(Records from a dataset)
= Beginning of Section =

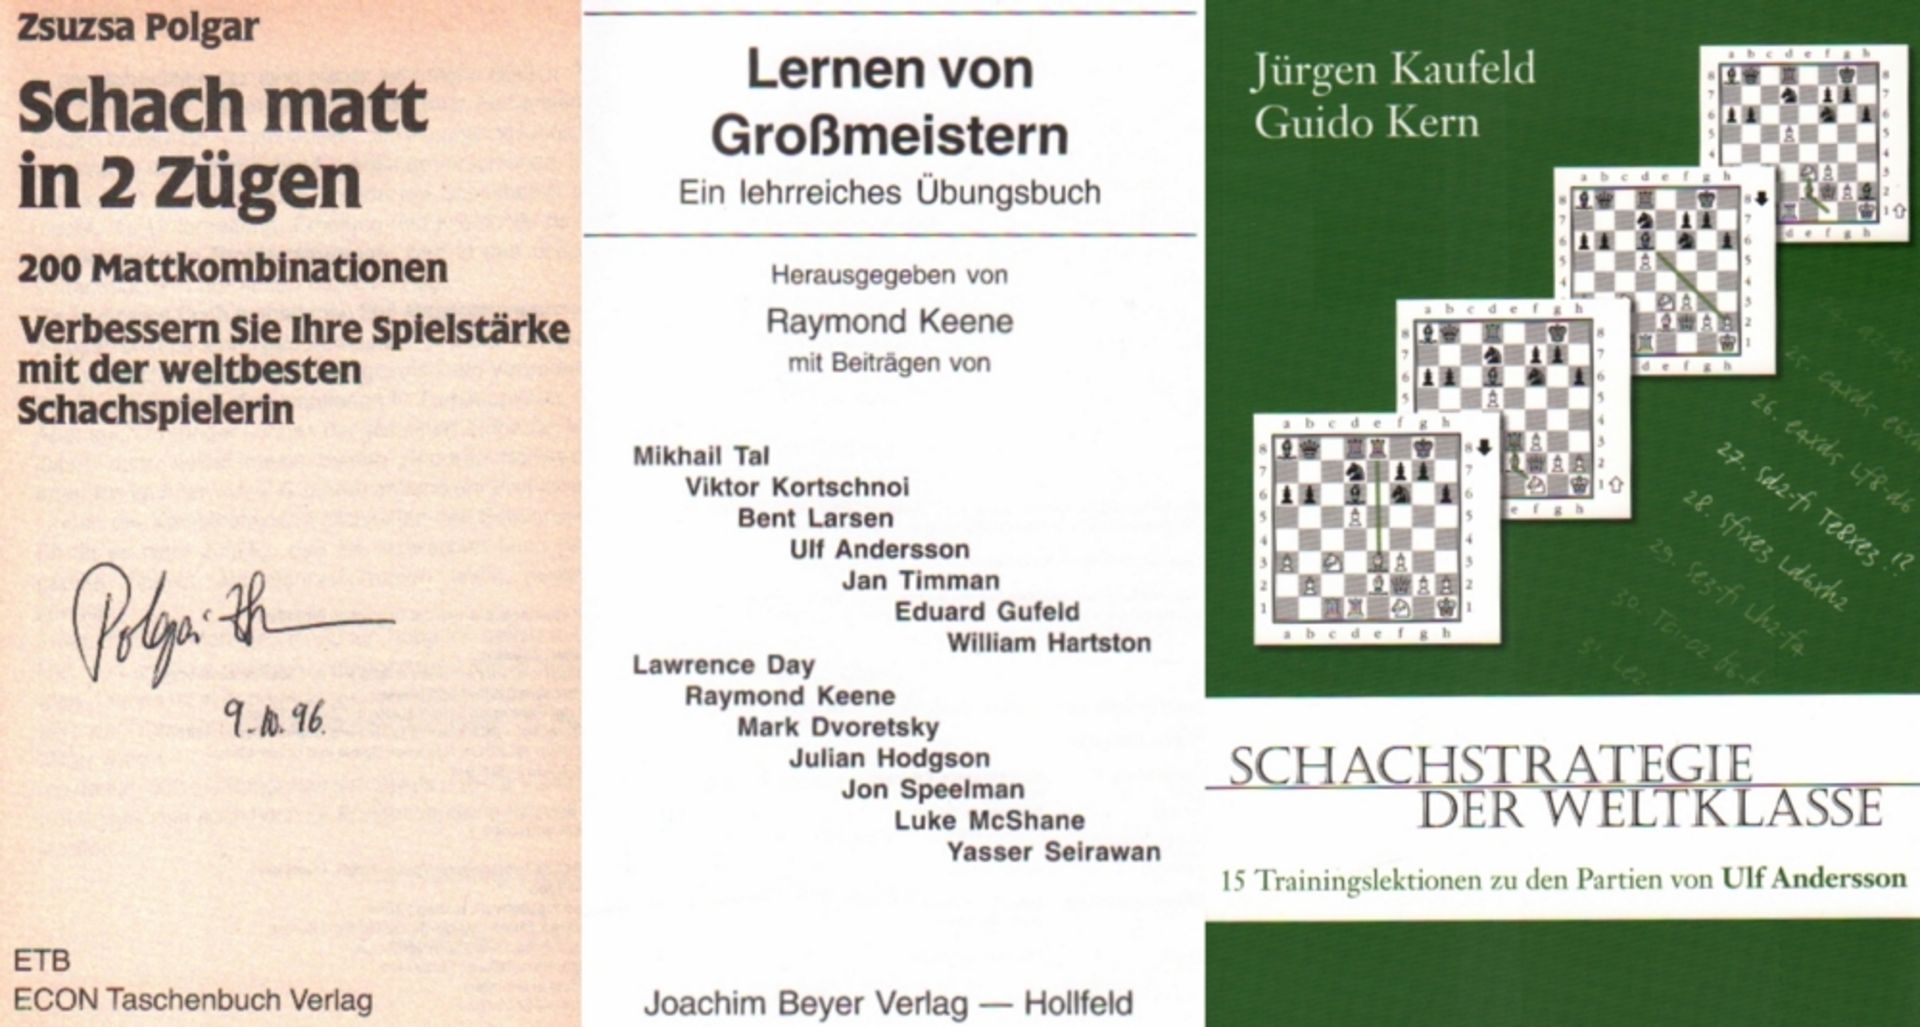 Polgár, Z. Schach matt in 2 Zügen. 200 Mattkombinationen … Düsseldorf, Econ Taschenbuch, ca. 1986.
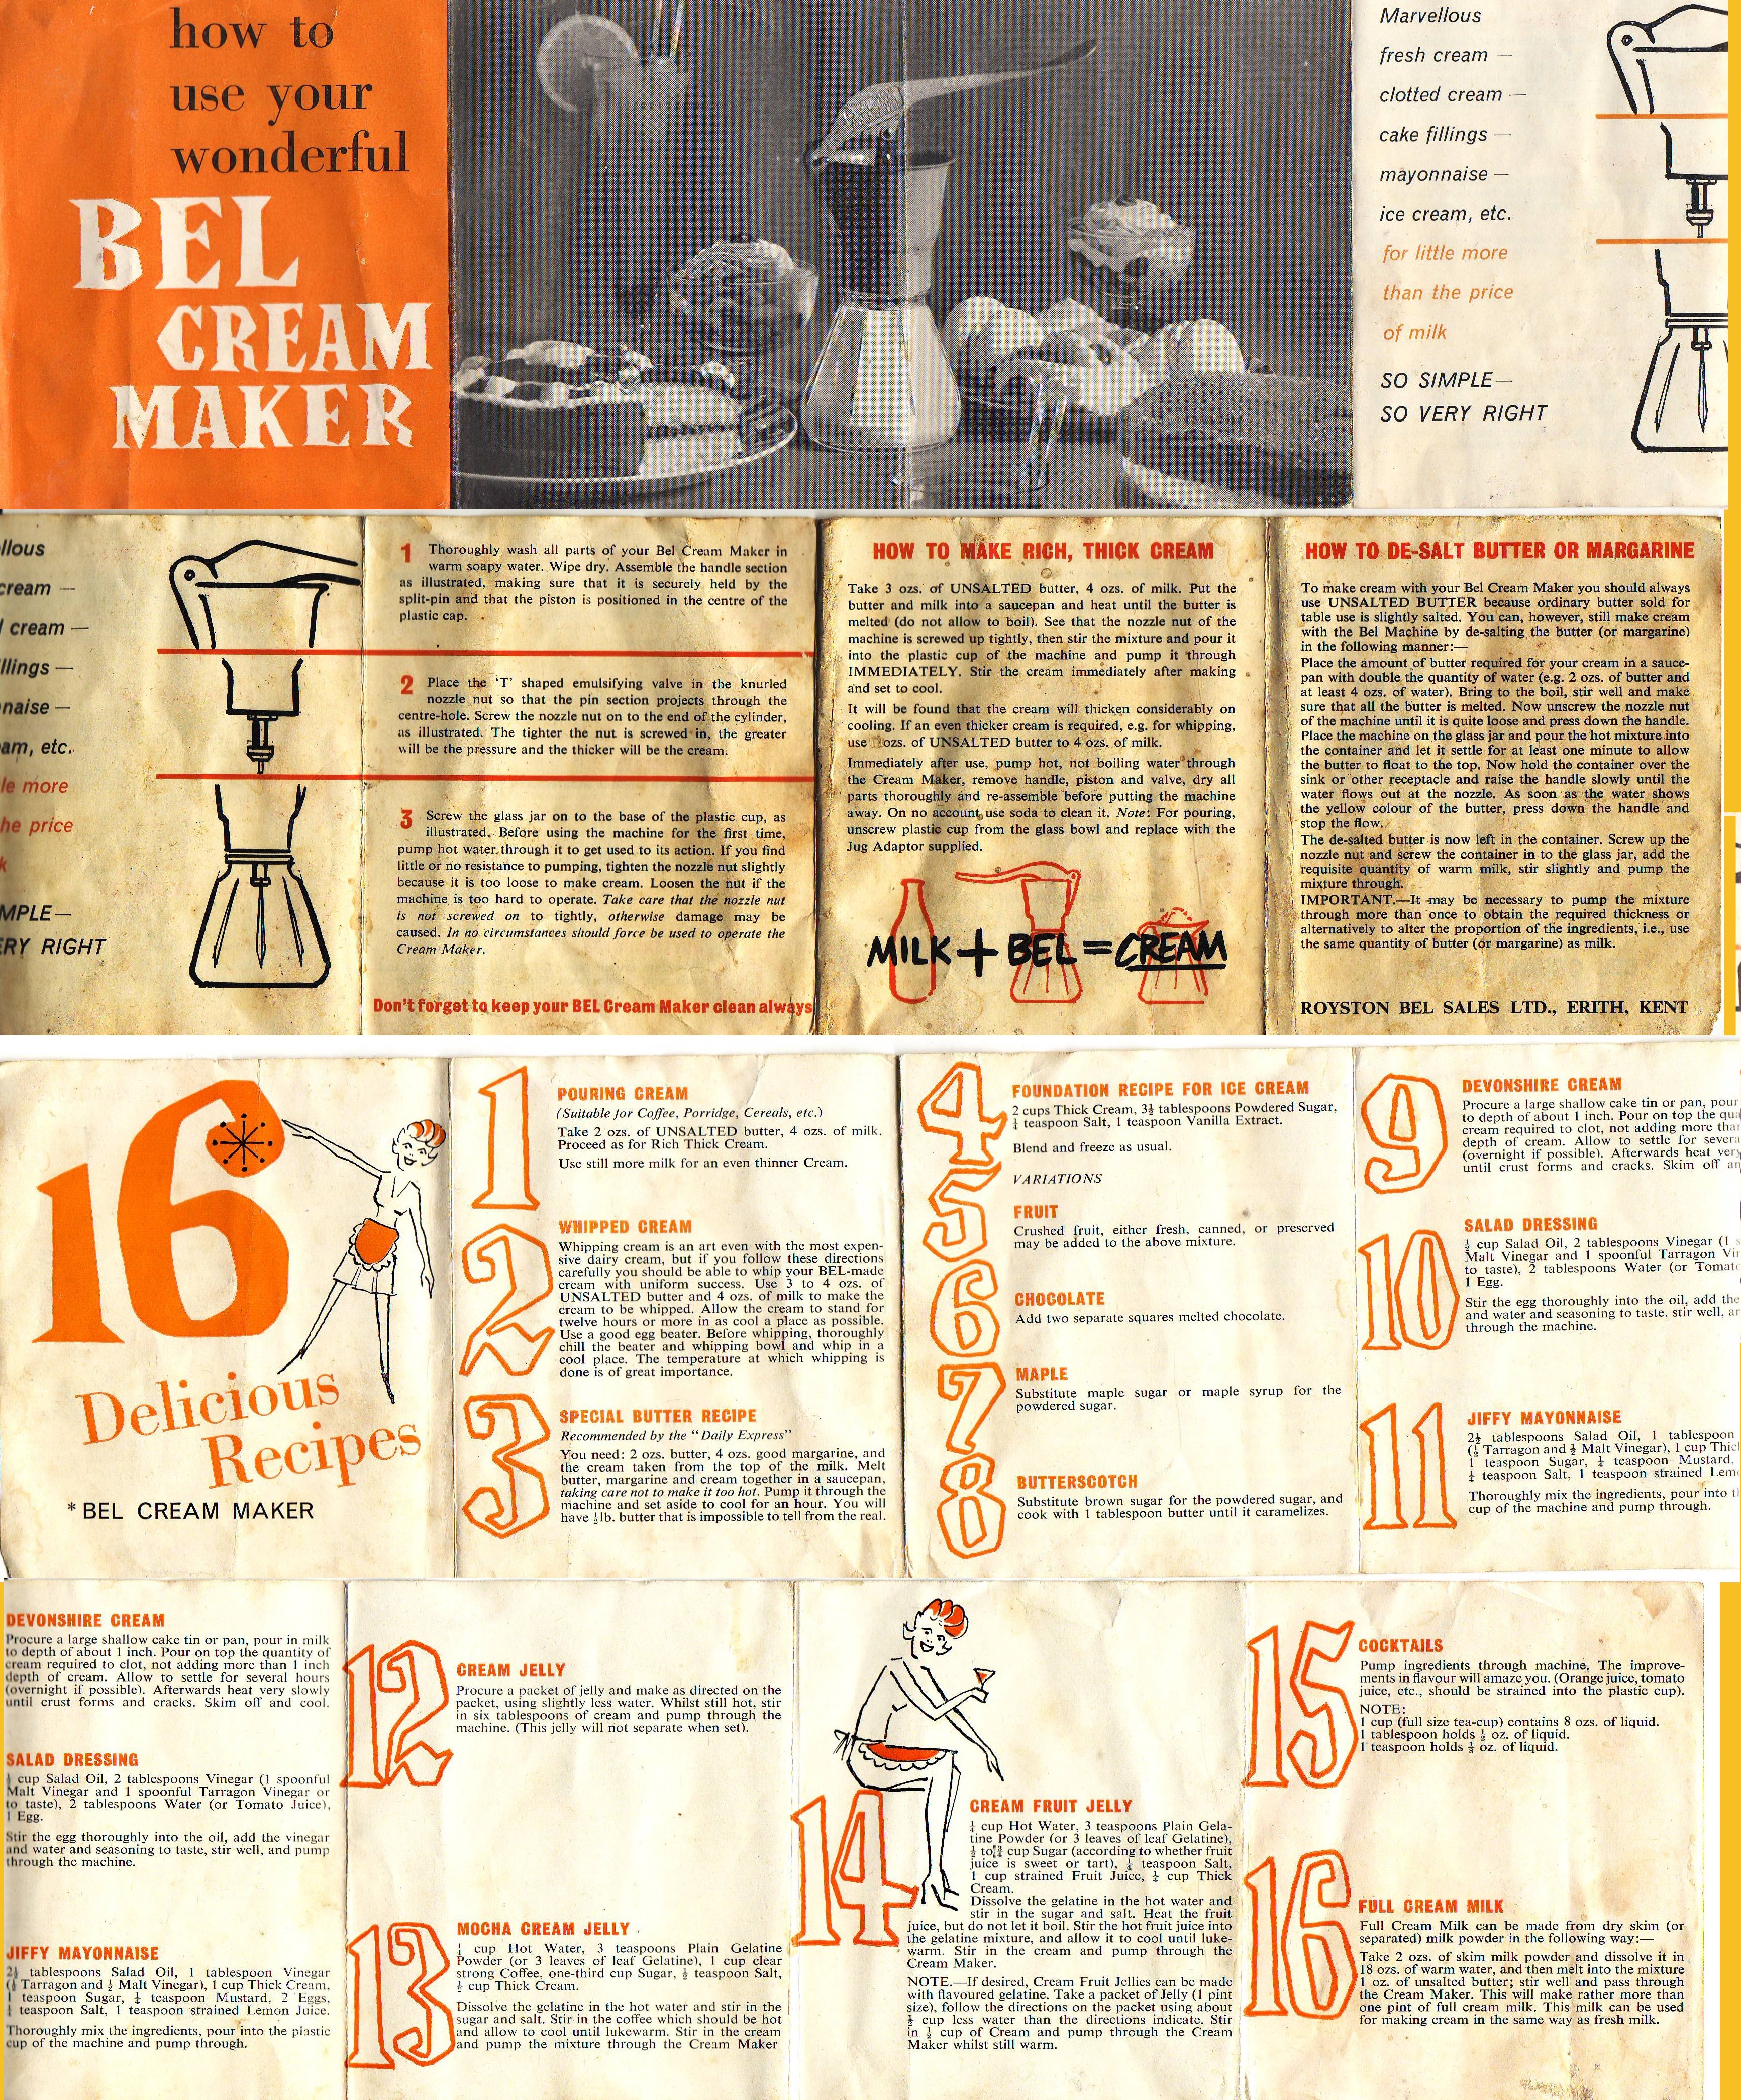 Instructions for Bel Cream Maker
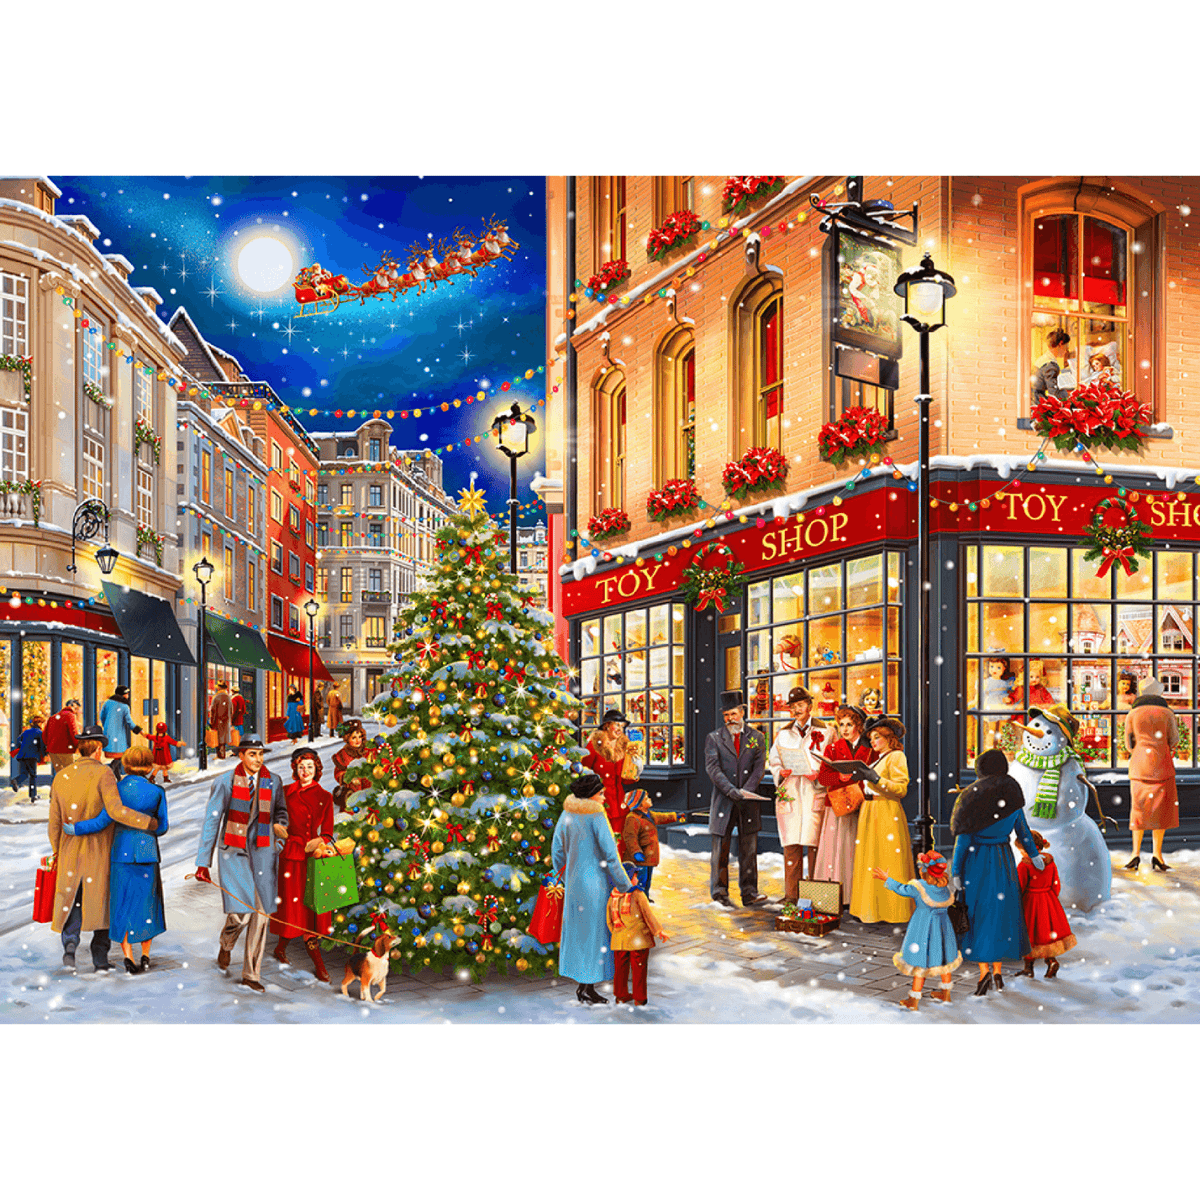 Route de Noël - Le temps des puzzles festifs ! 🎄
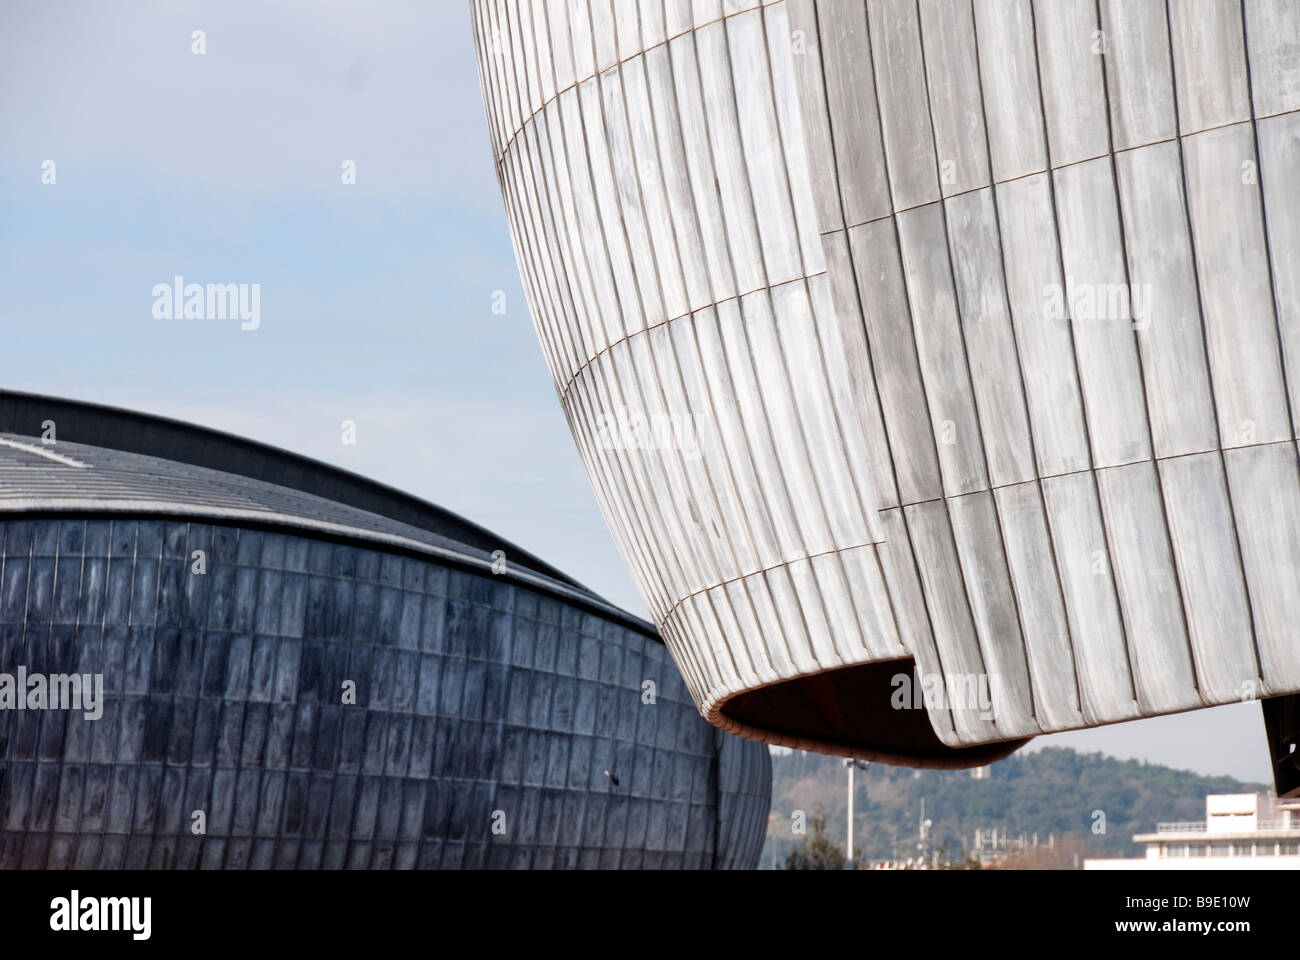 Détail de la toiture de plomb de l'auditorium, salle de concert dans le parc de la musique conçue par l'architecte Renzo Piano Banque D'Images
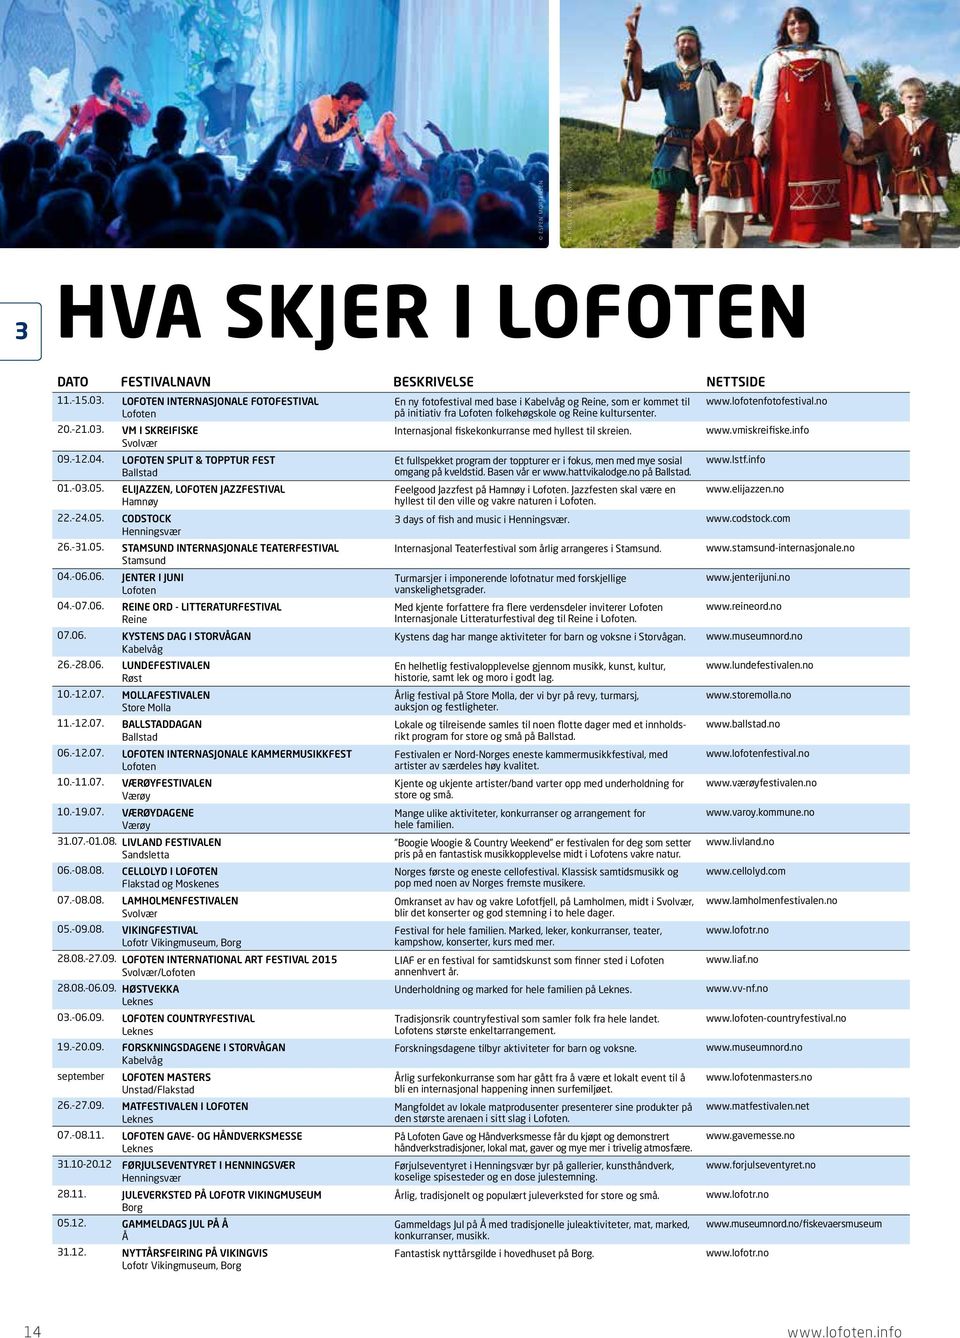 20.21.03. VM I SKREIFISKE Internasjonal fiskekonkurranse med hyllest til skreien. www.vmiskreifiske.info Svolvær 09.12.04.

= End of Section =

For this exercise, retype the data above exactly and skip every image.

 Polgár, Z. Schach matt in 2 Zügen. 200 Mattkombinationen … Düsseldorf, Econ Taschenbuch, ca. 1986.
 Instructions for Bel Cream Maker
 Route de Noël - Le temps des puzzles festifs ! 🎄
 Détail de la toiture de plomb de l'auditorium, salle de concert dans le parc de la musique conçue par l'architecte Renzo Piano Banque D'Images
 20.21.03. VM I SKREIFISKE Internasjonal fiskekonkurranse med hyllest til skreien. www.vmiskreifiske.info Svolvær 09.12.04.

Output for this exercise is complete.